I recently had the opportunity to see webinars featuring a couple of software systems for taxonomy construction/management and content categorization. The systems were both impressive and, if I didn’t have 20 years in the business, I would have been totally awed … and snowed. It’s easy to be overwhelmed by a slick appearance and professional presentation.

Early in my career, I was overwhelmed and confused by the terminology—its abundance, multiplicity, and ambiguity. Each software company used different words, all very catchy, developed by a creative marketing department. I didn’t get whether they were talking about different concepts or the same in different verbal wrappers. Cutting through the terminology to identify key software features and functions can be tough. Yet that’s just what must be done for an informed buying decision.

One of the buzzwords I came across in these recent webinars was “content-driven” (or “data-driven”) to describe a taxonomy. To my amazement, this was described as a “trend” in taxonomy construction by the presenter for the company “with over 15 years of experience.” Apparently it was intended as a strike at a “top-down” approach to pulling together terms for a taxonomy based on an abstract, authoritative view of a domain. The top-down approach was described as more complex than necessary and including nodes not reflecting your content.

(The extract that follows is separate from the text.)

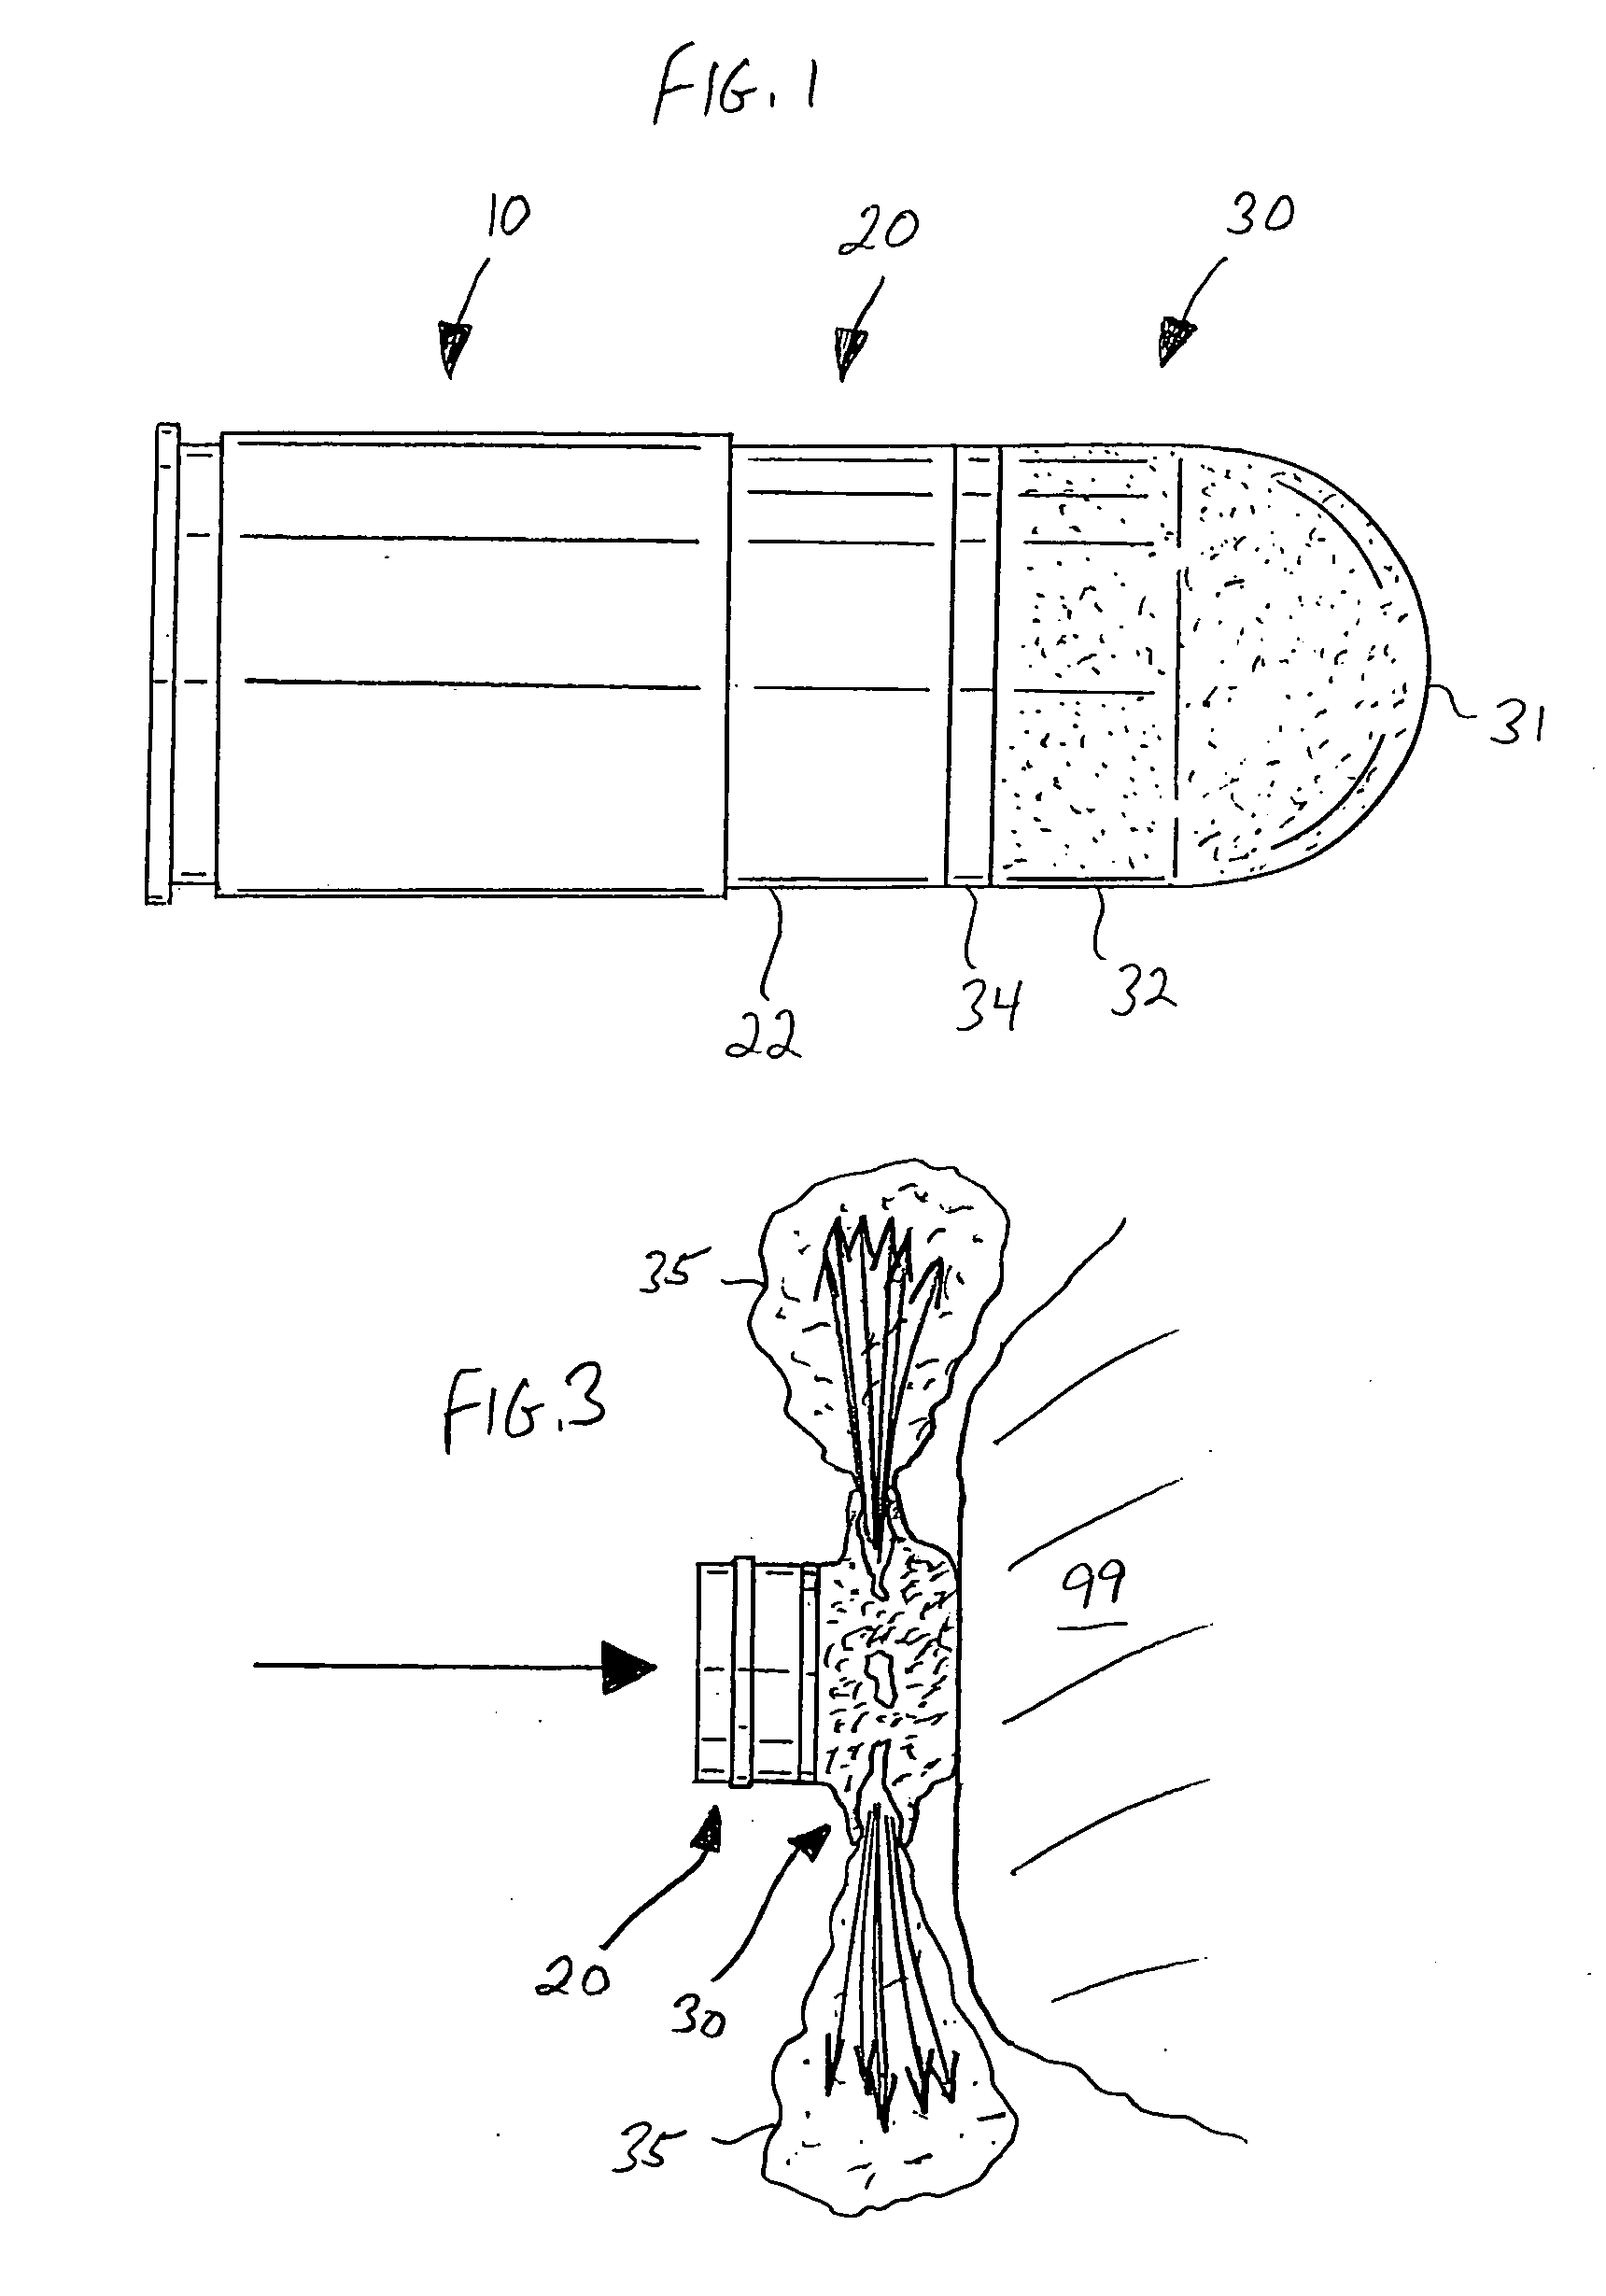 Frangible non-lethal projectile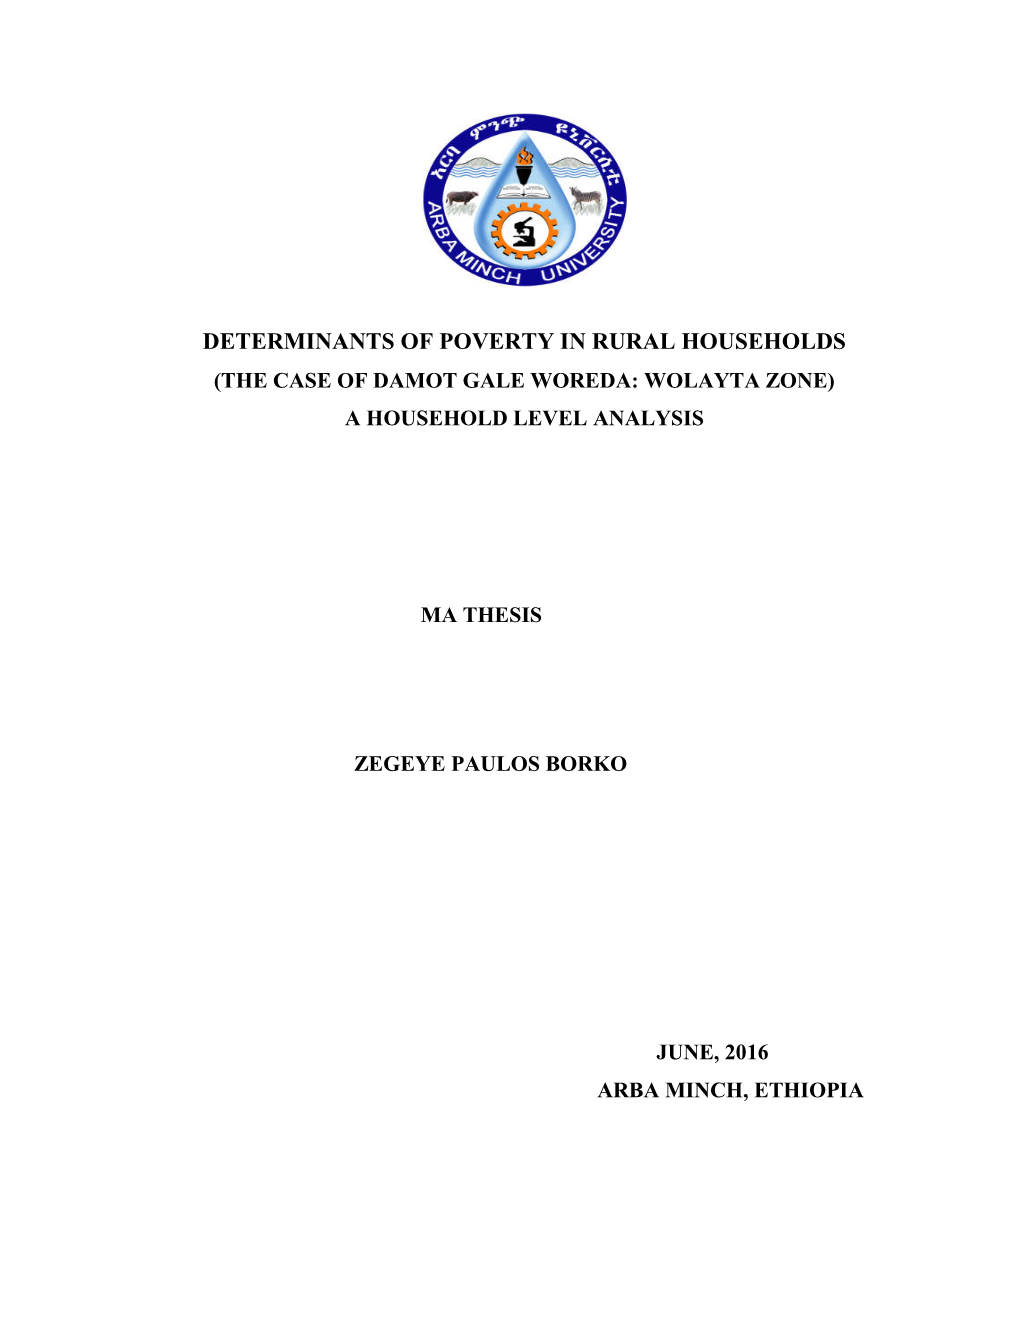 Determinants of Poverty in Rural Households (The Case of Damot Gale Woreda: Wolayta Zone) a Household Level Analysis

However, the discussion ignored the equally familiar and long established counterpart to top-down. This is the “bottom-up” approach, drawing terms directly from the documents to be categorized, i.e., content-driven. Here’s a link to a brief description of the strategies written in 1996 by Jessica Milstead.

In most cases, building a taxonomy or thesaurus requires a hybrid approach, with the overall organization based on a top-down approach for navigation and the bulk of terms reflecting the preferred terms for concepts in the domain and drawn from the actual documents. The strategies are most often used in balance, with the taxonomist providing a logical “top” structure into which the content-linked terms can fit.

The software on display generated a list of candidate terms, offering words and phrases from the content as terms. But this was just a starting point in taxonomy construction. Time for the taxonomist to add the value of organization through hierarchical, associative, and equivalence relationships.

Ah, “relationships” takes me to semantics, another buzzword that sounds very impressive and truly represents the power of taxonomies. The key thing to remember is that semantics in a taxonomy starts with the hierarchical, associative, and equivalence relationships. (Actually, a taxonomy with all those features is more accurately called a thesaurus). Organizing terms in a hierarchy of broader and narrower concepts—from general to specific—and recognizing synonymous alternative expressions and internal conceptual links all add semantic richness to terms by providing context based on the meanings of words. These are features built into a well-developed taxonomy, providing pivot points from one term to another through logical semantic associations. Applied as metadata to content items, the taxonomy terms provide semantic enrichment.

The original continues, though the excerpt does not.